## Required work
Every line of the listing below is to be repeated exactly; the pictures stay out.

## Information shown
▽
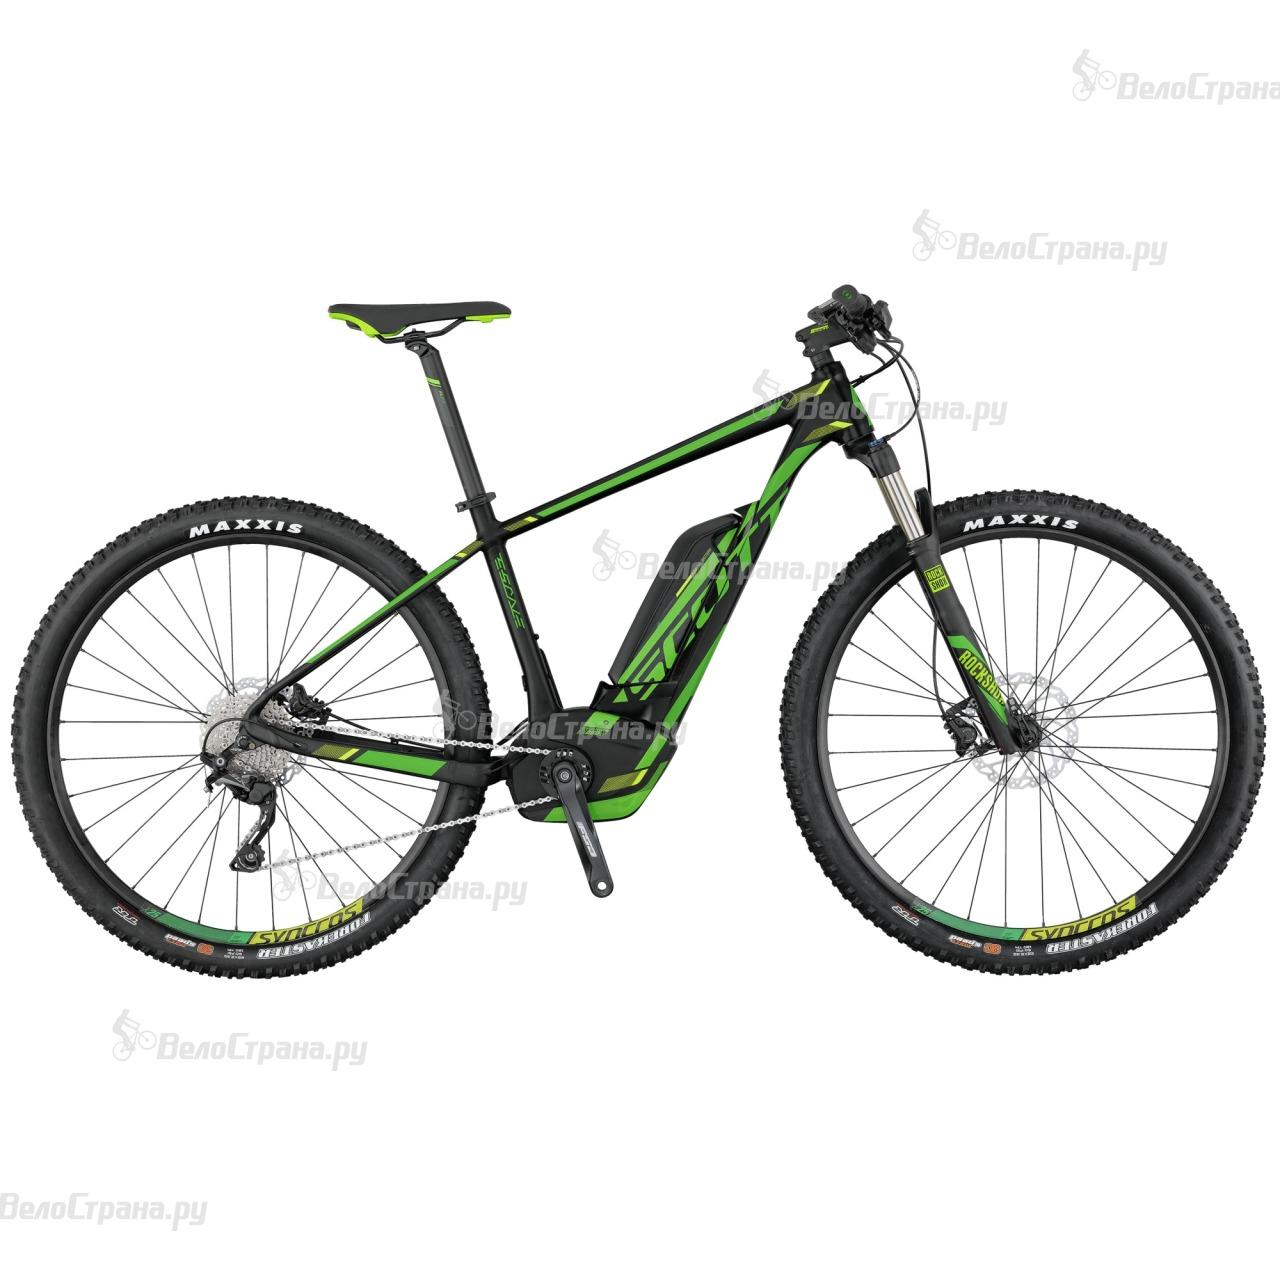 Велосипед Scott E-Scale 920 (2017) велосипед scott scale 700 premium 2015
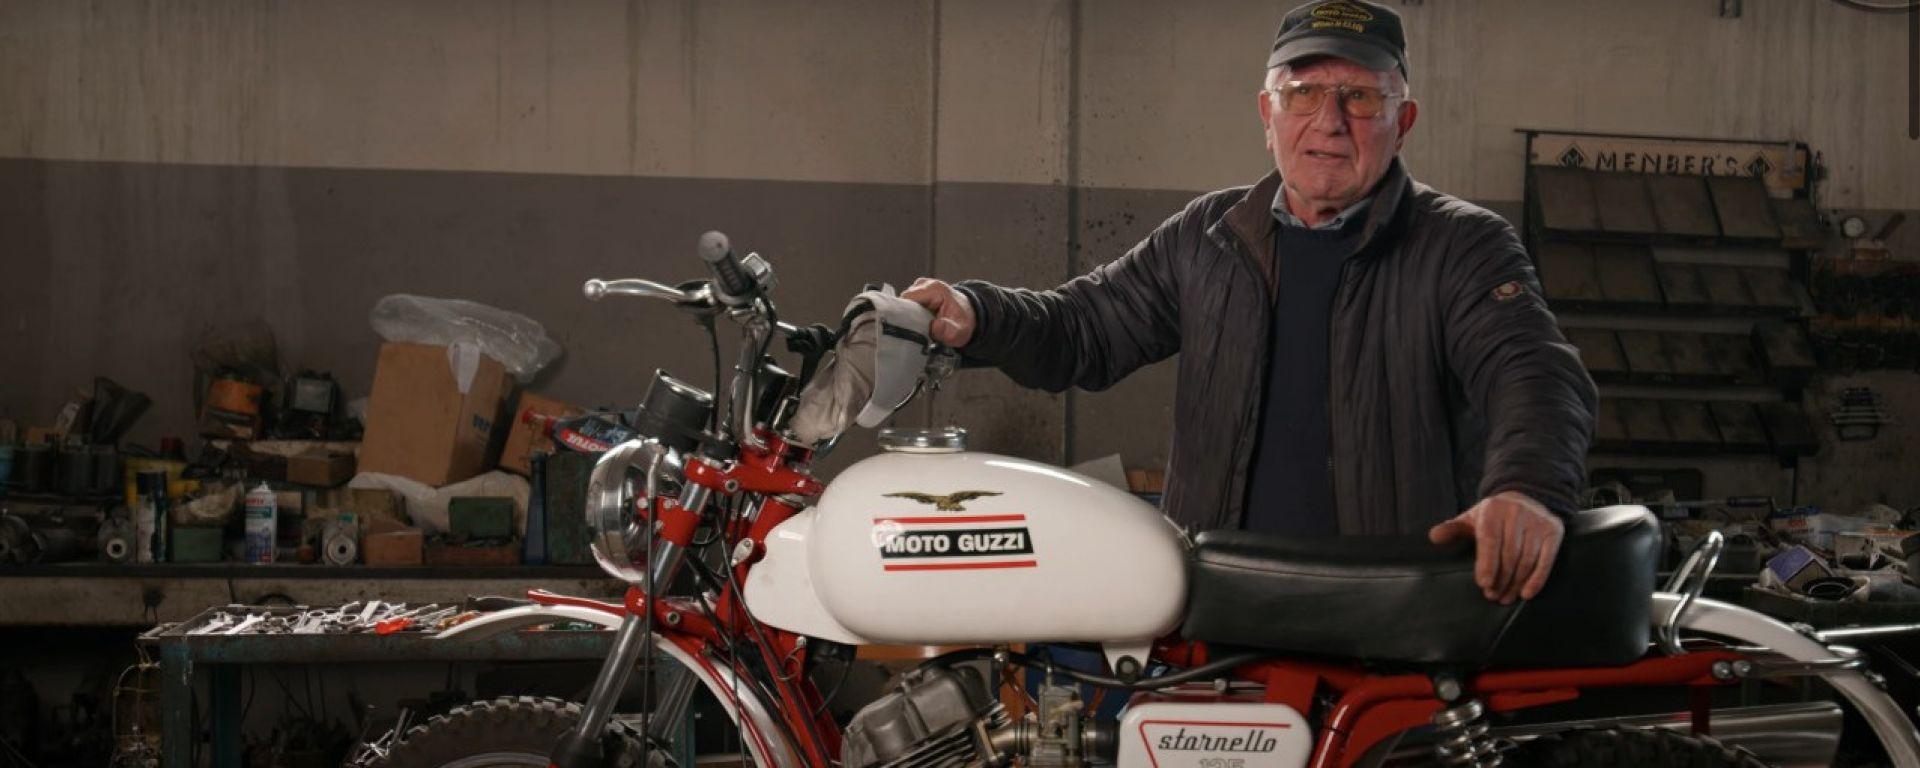 Moto Guzzi: per i 100 anni del marchio Mandello del Lario ha realizzato un documentario
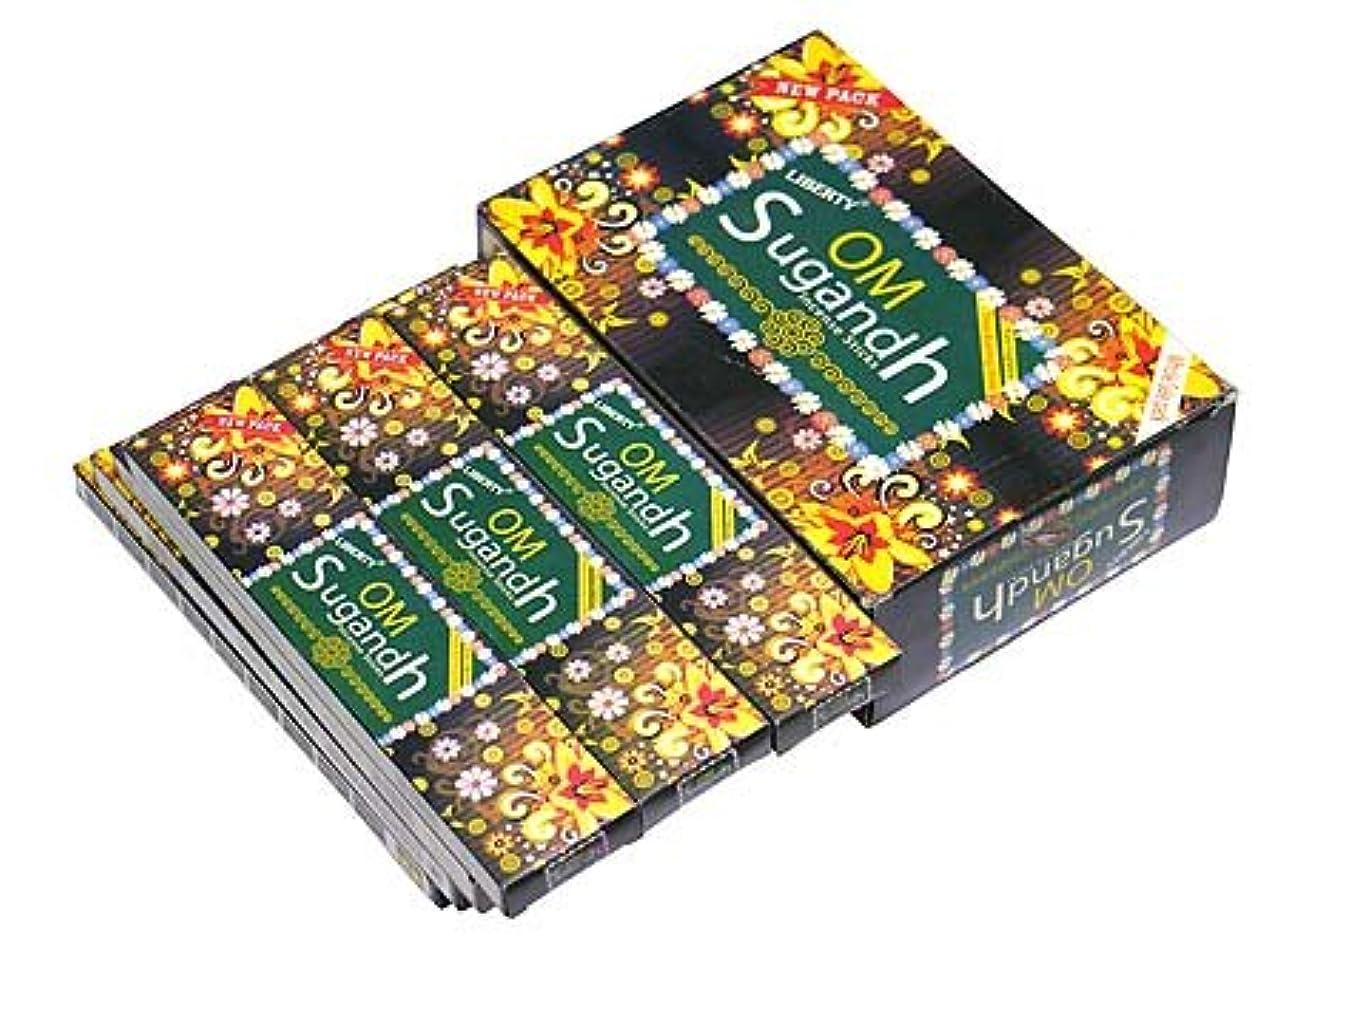 対立ずるい好ましいLIBERTY'S(リバティーズ) オムスガンダ香 スティック OMSUGANDH 12箱セット
△
## Solution to the exercise
 Велосипед Scott E-Scale 920 (2017) велосипед scott scale 700 premium 2015
 Moto Guzzi: per i 100 anni del marchio Mandello del Lario ha realizzato un documentario
 対立ずるい好ましいLIBERTY'S(リバティーズ) オムスガンダ香 スティック OMSUGANDH 12箱セット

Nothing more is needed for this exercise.